Listed Buildings

Certain buildings undergoing alterations will qualify for those alterations to be zero rated provided a number of conditions are satisfied. Any alteration to a listed building must be an ‘approved alteration’ before it qualifies for zero rating. Repairs and maintenance as distinct from alterations do not qualify for zero rating the problem being that very often it is difficult to tell the difference between the 2 types of works.

HM Revenue and Customs regard a building as being altered when its fabric is altered in a meaningful way. Works that are merely repair, maintenance or alteration as a result of repair or maintenance are standard rated even when included in the Listed Building Consent. Works of repair and maintenance are those tasks designed to preserve the fabric of the building thus delaying the requirement for for major attention to the fabric of the building. Very often the Listing of a building requires that the appearance of the building remains fundamentally the same whereas zero rated approved alterations generally change the appearance of the existing structure and are contrary to the purpose of the original Listing.

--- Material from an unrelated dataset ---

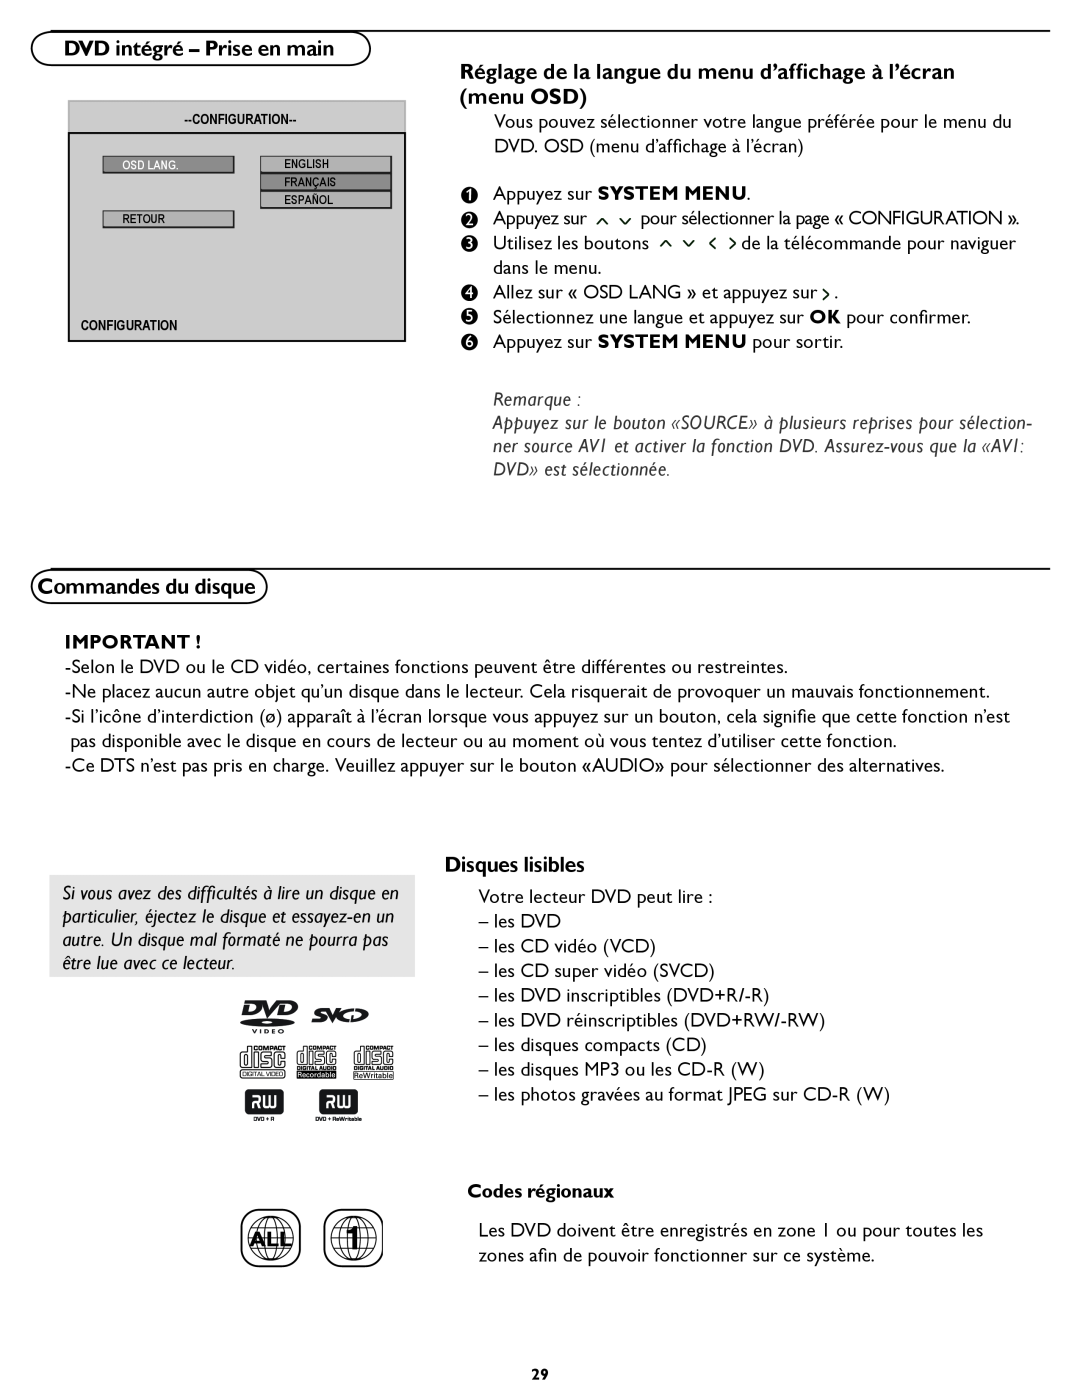 Magnavox 26MD/32MD251D user manual DVD intégré - Prise en main, Réglage de la langue du menu d’afﬁchage à l’écran menu OSD

Most protected buildings come under the (Listed Buildings and Conservation Areas) Act 1990, but Churches operate their own controls that follow a Government Code of Practice and Scheduled Monuments are controlled by the Secretary of State.

Listed Building Consent is a document that must be obtained before the works commence in order for the alteration element to qualify for zero rating.

Planning permission is not the same as listed building consent but copies are required by HM Revenue and Customs to support claims for zero rating.